Abstract

Tumour physiology presents a formidable barrier to the delivery of current and emerging anticancer therapeutics, including small-molecule-containing nanomedicines, oncolytic viruses, and therapeutic antibodies. The thermal and mechanical effects produced by ultrasound have a major role to play in enabling therapeutics to overcome the elevated intratumoural pressure, sparse vascularity and dense extracellular matrix encountered in the majority of solid tumours, in order to achieve better intratumoural distribution and therapeutic efficacy.
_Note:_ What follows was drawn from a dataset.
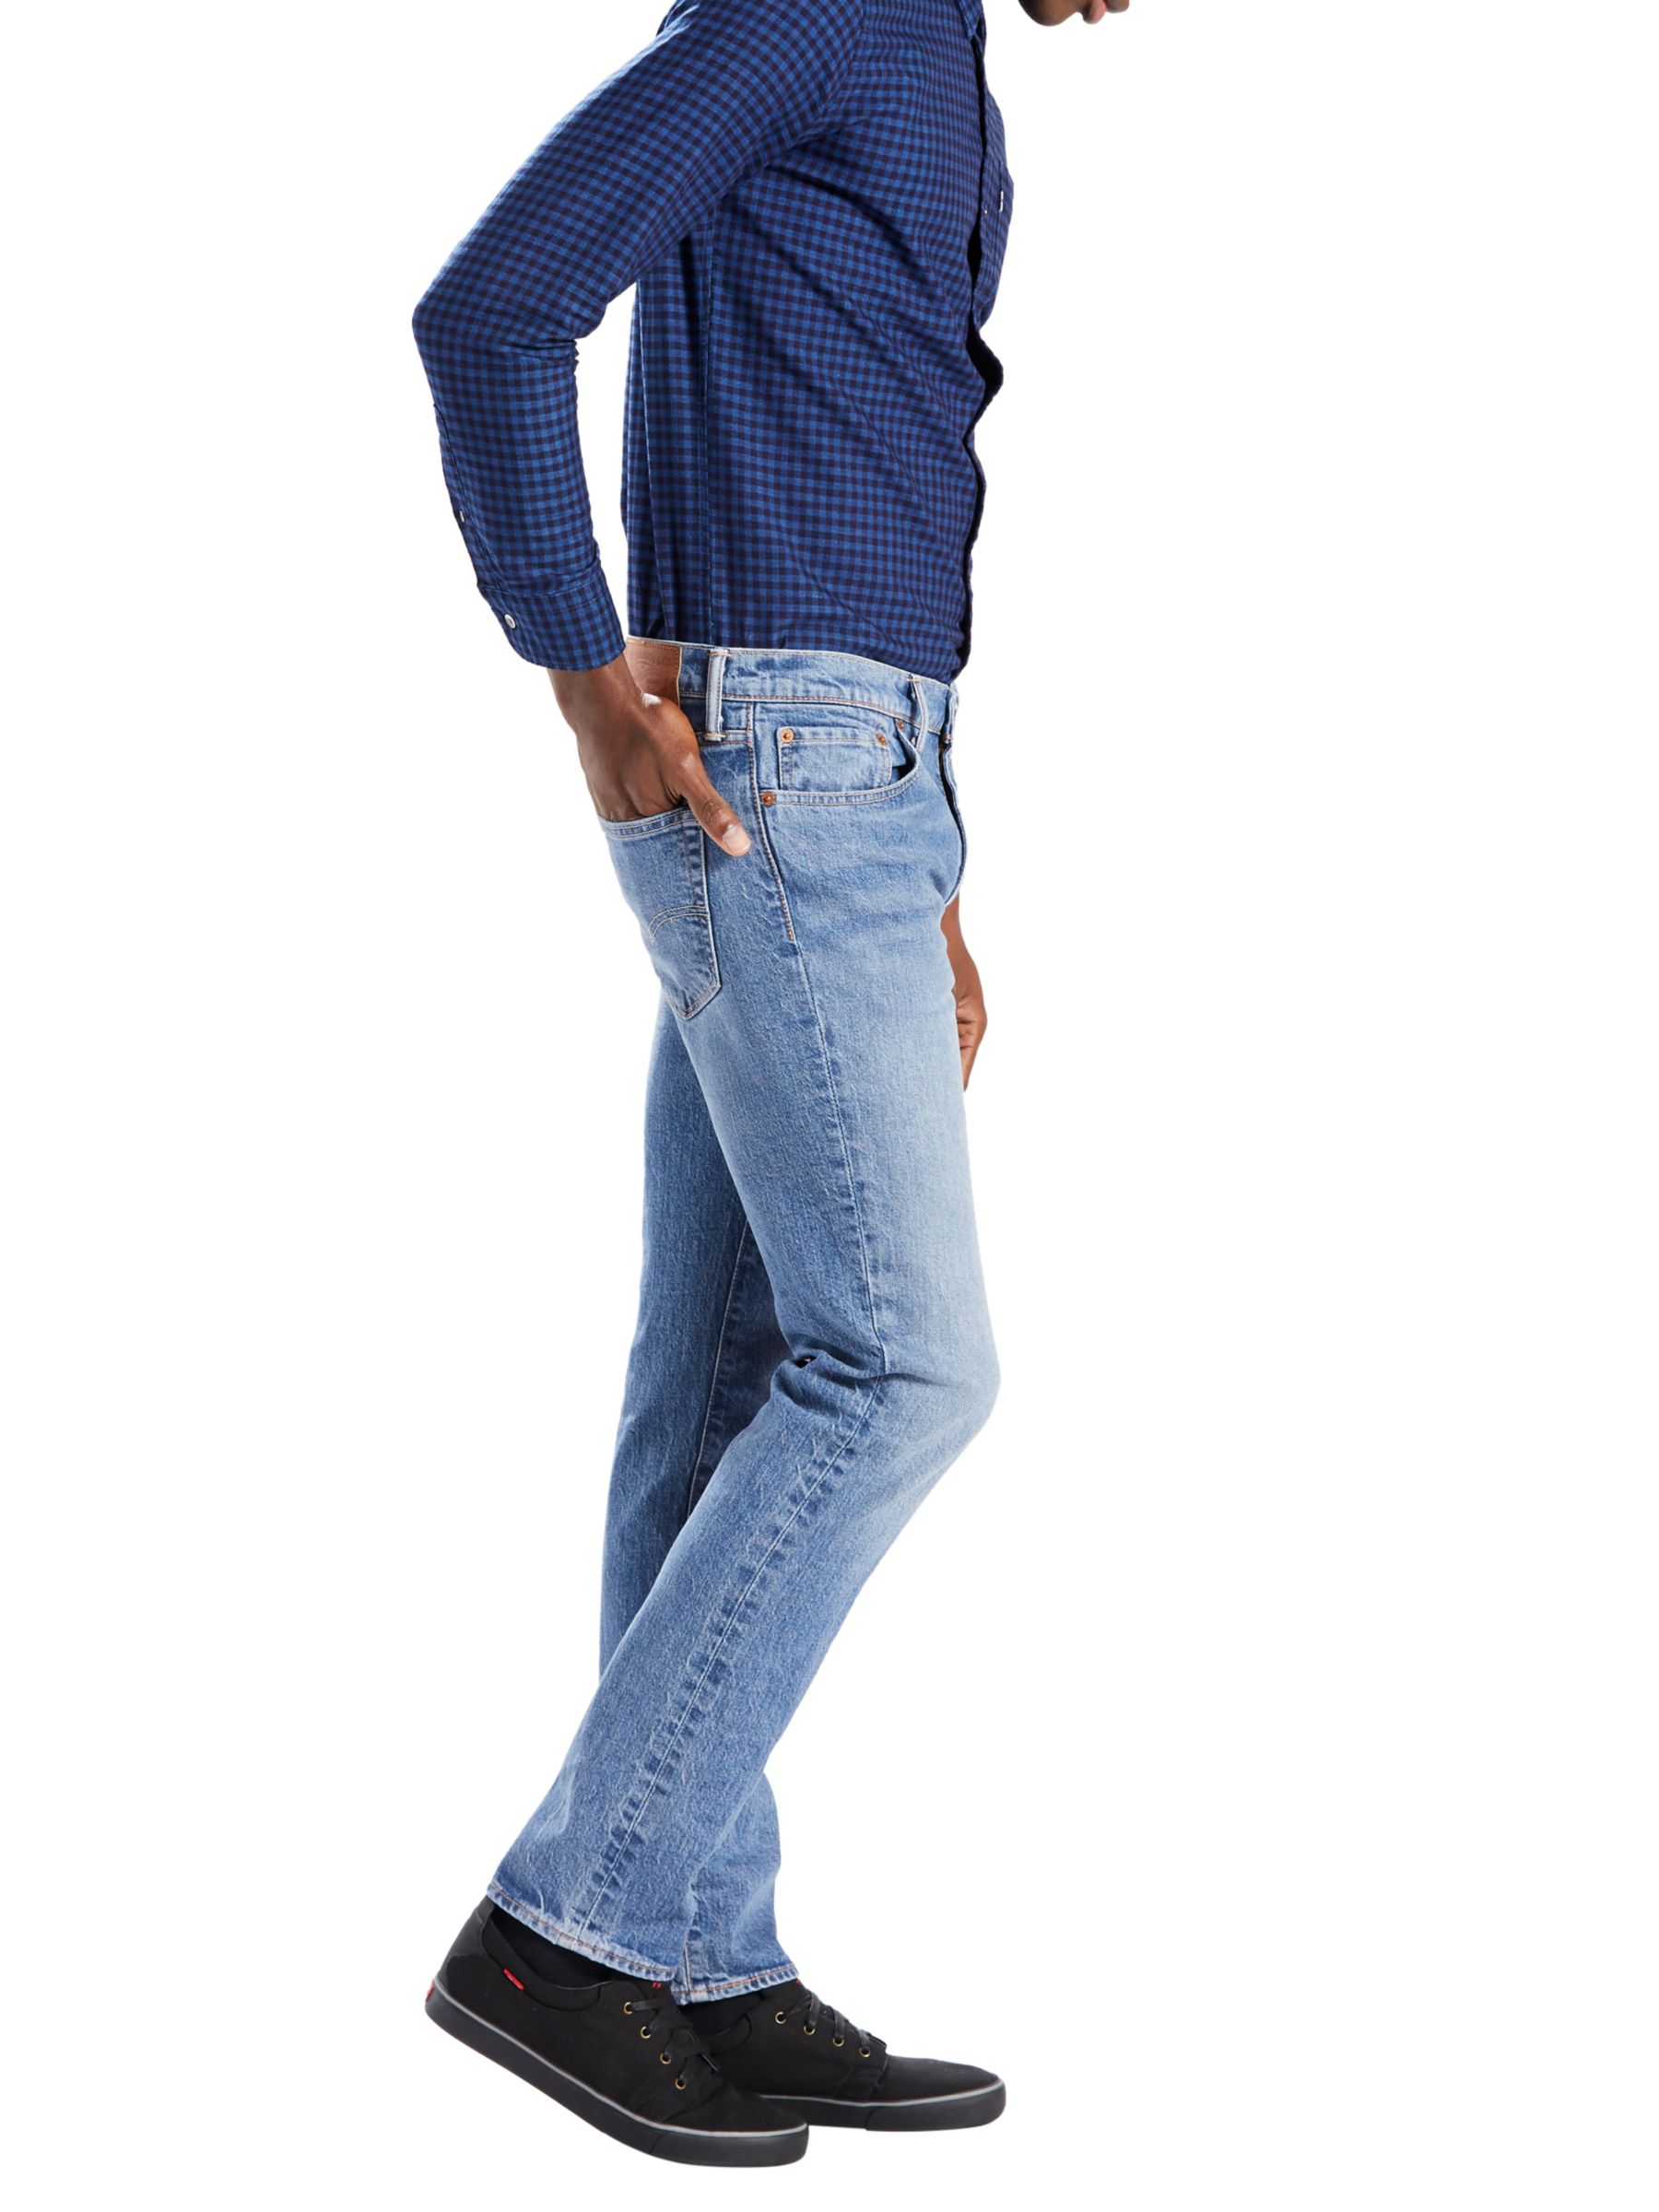 Levi's 511 Slim Jeans, Thunderbird at 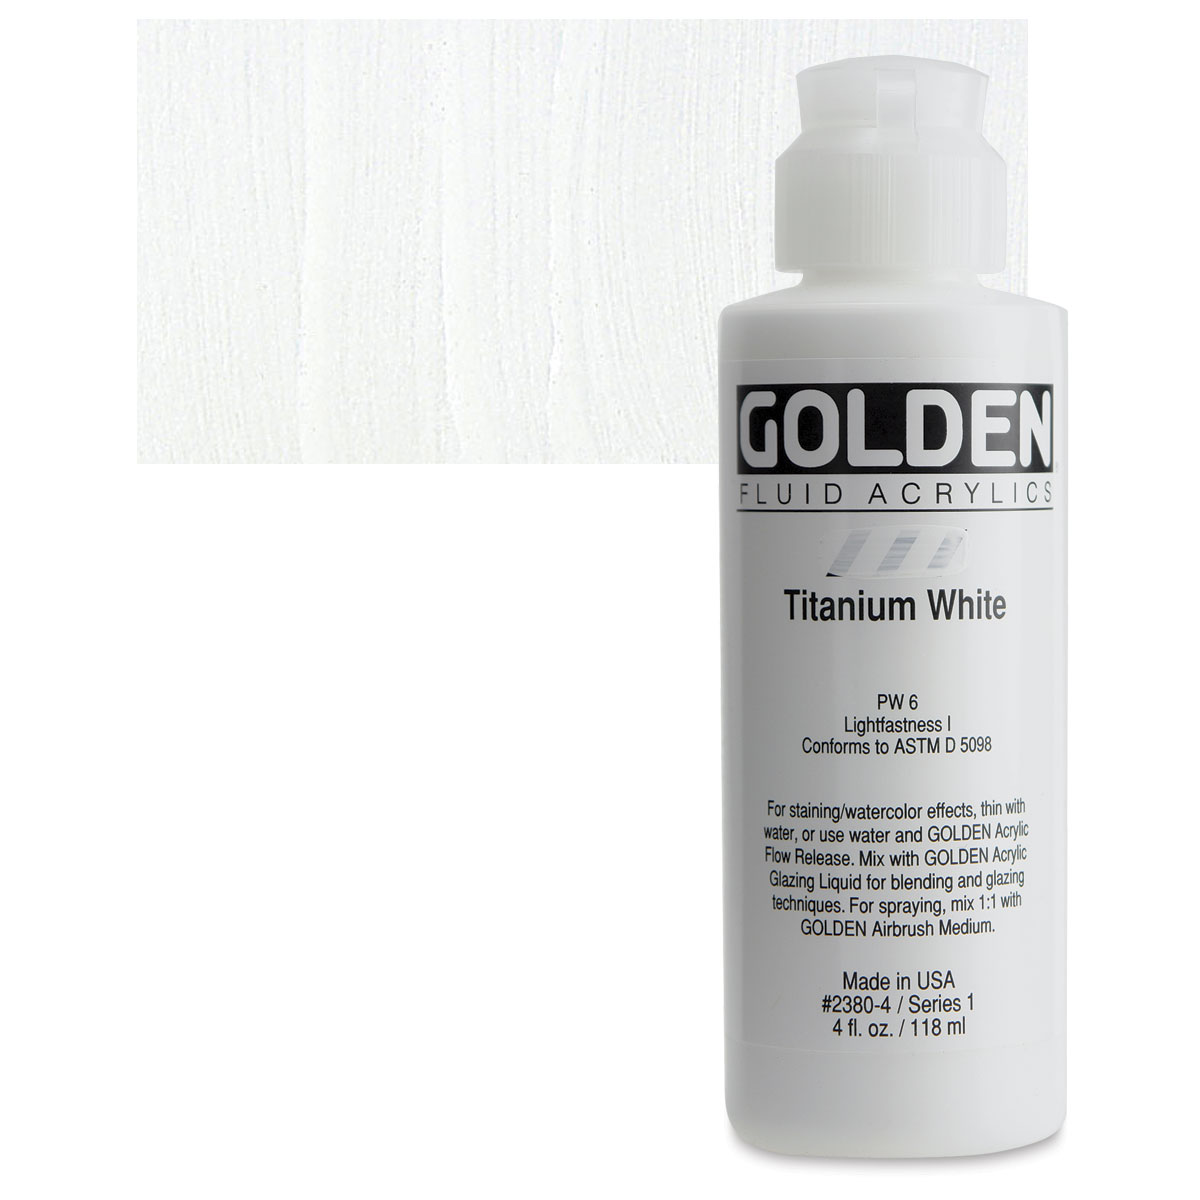 Golden Fluid Acrylics 16oz Titanium White

We will start with a brief presentation of the results and lessons learned from the first-in-man trial of remotely activated oncological drug delivery (TarDox, Lancet Oncology 2018), which exploited the thermal effects of extracorporeal ultrasound in order to trigger the release of a small molecule from thermosensitive liposomes. The 10-patient Phase I study demonstrated a significant enhancement (3.7-fold) in the intratumoural dose of doxorubicin in liver tumours following ultrasound for the same systemic dose of the drug, with subsequent radiological response observed in several tumour types that do not typically respond to doxorubicin. We will then present a novel technique exploiting a mechanical effect of ultrasound, known as acoustic cavitation, to enable convective transport and delivery of therapeutics in solid tumours. This approach presents the additional benefit of not requiring modification or encapsulation of the drug and the use of lower-intensity ultrasound delivered from a portable device. Sub-micron cavitation-inducing particles co-administered with oncolytic viruses, antibody-drug conjugates or checkpoint inhibitors (aPDL1, aPD1) have been shown to increase both the penetration and total dose delivered to tumours, and to significantly enhance the therapeutic efficacy of these emerging therapeutics even at a reduced systemic dose. Most recently, we found that the combination of drug and cavitation was critical in producing sustained innate and adaptive immune responses.